I'd say that pretty much sums up Robert's objective here. There isn't any case, as the City clearly believes. No doubt they'll go to the wall on this. Which Robert knows, and presumably will delight in.

It's astonishing that one person can hijack the process so easily for so many decades. It points to a flawed system. Perhaps there isn't a better one that will guarantee us our freedoms, but this sort of thing sure makes one wonder if there isn't a better way.

by Dan Waterhouse
...there is, "This Again." In his book "The Operators" the late Michael Hastings related conversations he had with members of General David Petralius' staff. They told him a growing number of the officer corps believe the military should be running the country "in time of war" which we are in and have been since 2001 (the "endless war on terror). Congress and the rest of the civilian leadership would be figureheads. Having read this, I wonder if this is driving the recent proposal from Obama to downsize the military and to officially end the "state of war."
by Robert Norse
NO FAN OF COURT
Actually I have zero interest in court. The issue is resisting abusive authority and simply retaining traditional rights--whether they be on the sidewalk, in the community, or in City Council. They are disappearing--along with privacy--nationally and locally.

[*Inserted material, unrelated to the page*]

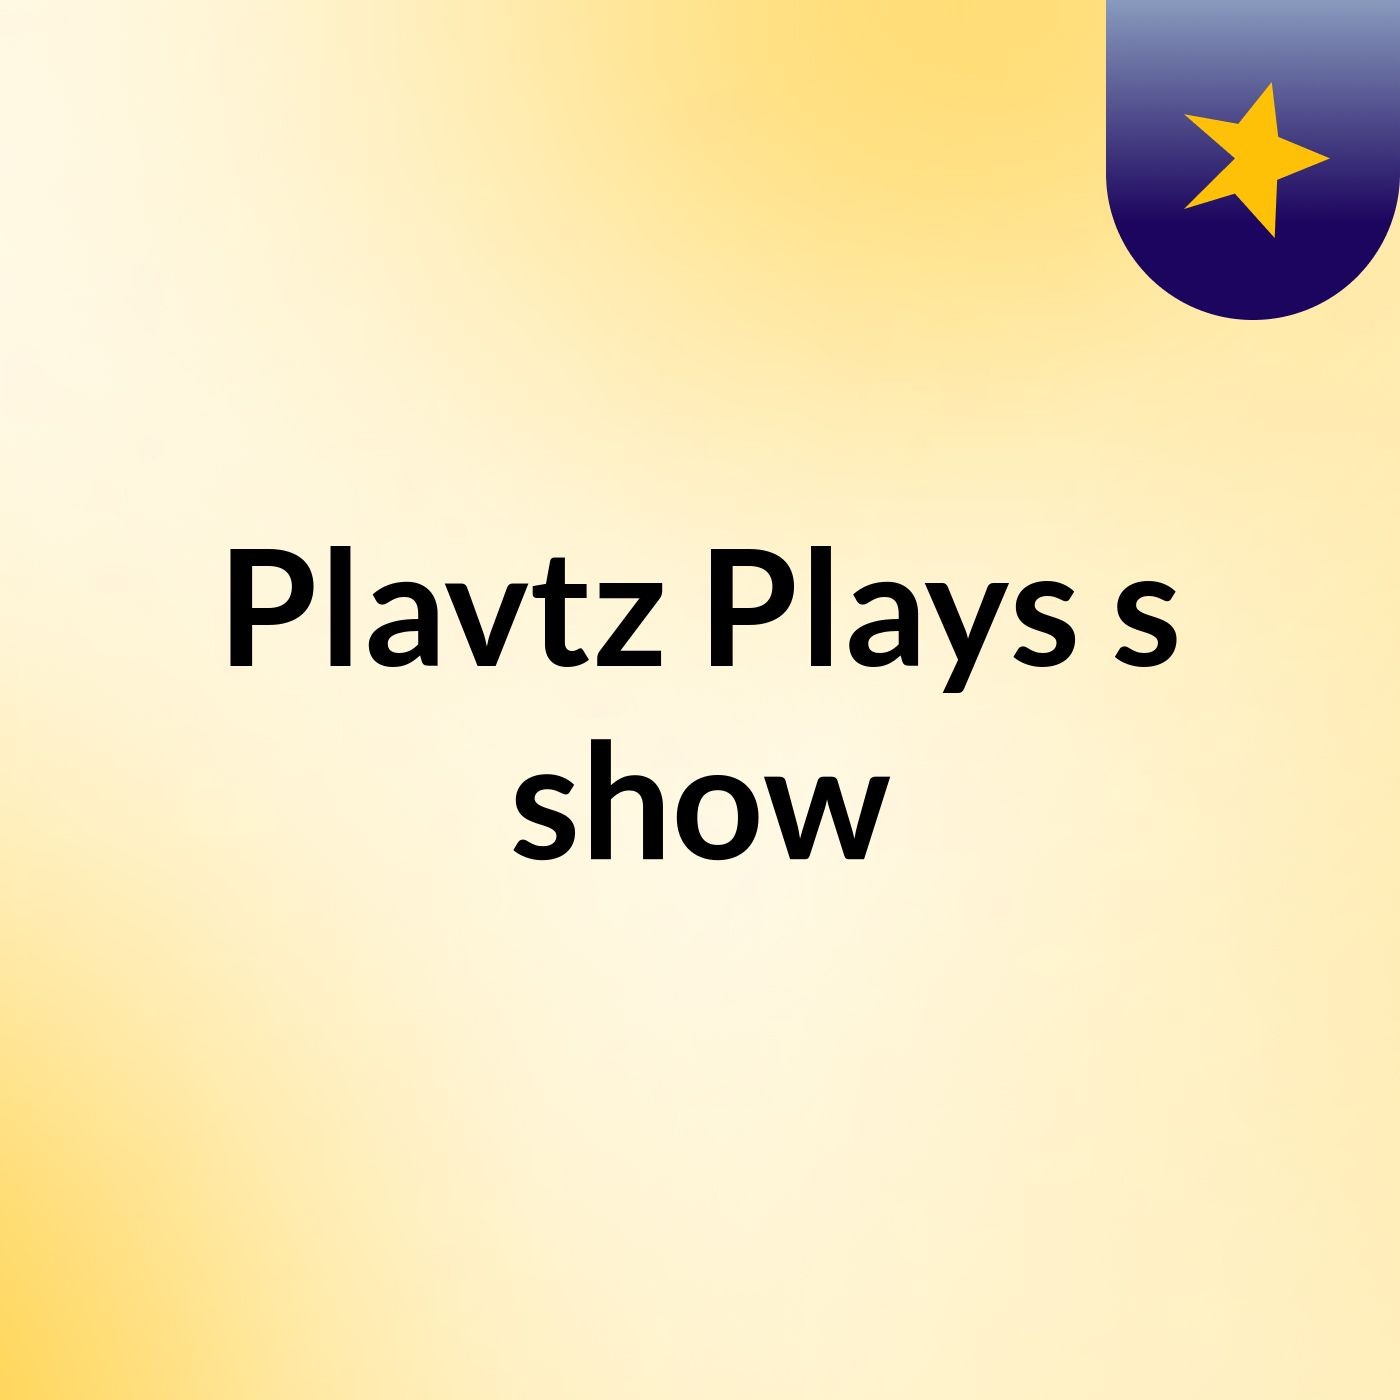 Plavtz Plays's show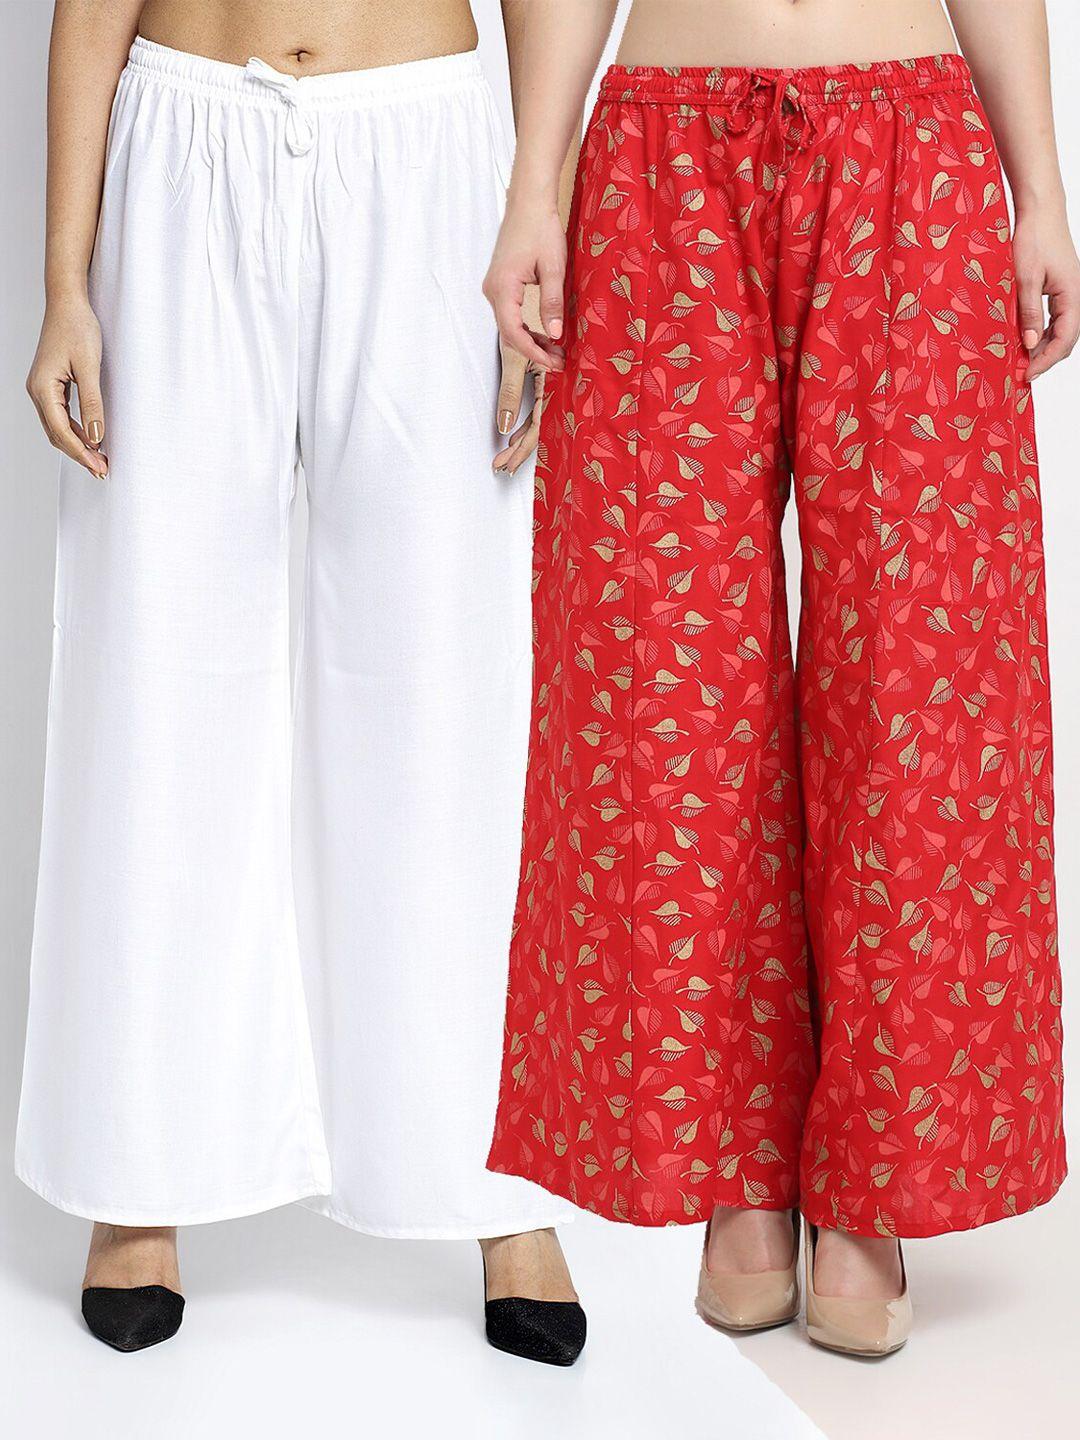 gracit women set of 2 white & red printed rayon palazzos

It is Robinson and others in power who are deepening the repression and expecting us to respond like obedient serfs.

HISTORY OF THE "UNATTENDED AUDIO" RULE
The "unattended audio" law was originally created in 2001 by former Mayor Fitzmaurice in a series of "decorum rules" in retaliation for peaceful protest against the City's Sleeping Ban in the winter of 2000-2001. It and other "decorum rules" were used in the City's expensive justification of its repression of silent protest in the mock-Nazi salute case. See the first story "You Can't Fight City Hall? Watch Me." at http://hpn.asu.edu/archives/2002-April/005859.html .

Equally true is that this "rule" was concocted specifically to address what I do and is indeed politically motivated. Fitzmaurce was tired of the political criticism he was getting from me and others in the homeless community for ignoring the winter homeless death rate (which continues at an obscene level). Me particulary cause I was one of the few recording in the manner that I do. So he unilaterally instituted a whole series of First Amendment-free "rules" that I and others have either challenged or ignored over the years.

NO HISTORY OF DISRUPTION
I have never acted to disrupt Santa Cruz City Council nor have I been convicted of disruption. I've simply at points done what I could to hold the line against the City Council's persistent and ongoing concoction of rules and practices that punish peaceful but persistent activists--and the community generally as public comment (along with public space) shrinks.

NO SPECIAL MEDIA PRIVILEGE CLAIMED
I do not claim the media has more right to record than the ordinary citizen (although reporters in some cases have protection that others do not--around sources, for example). However the significance of shutting down an alternate media person and designing rules to make recording more difficult is important to acknowledge.
Few reporters or advocates do what I do in terms of ad hoc recording at City Council, but it is a right that everyone has--and it should be respected. That's the point.

WHY MAKE THIS AN ISSUE?
It's also interesting to consider that if what I've done is so rare--why make a police issue out of it? What's the point--if not to assert a kind of stark authority? That incidentally entangles a persistent critic in court proceedings?

A RULE VIOLATION IS NOT A DISRUPTION
The 9th Circuit Court has ruled that violating an order of the mayor or a rule is not a disruption unless it actually disrupts. Which means the Mayor can't stop her own meeting in response to non-disruptive behavior in the audience and then claim that person was being "disruptive". A mayor cannot issue an order and if it's not obeyed, have the culprit expelled or arrested.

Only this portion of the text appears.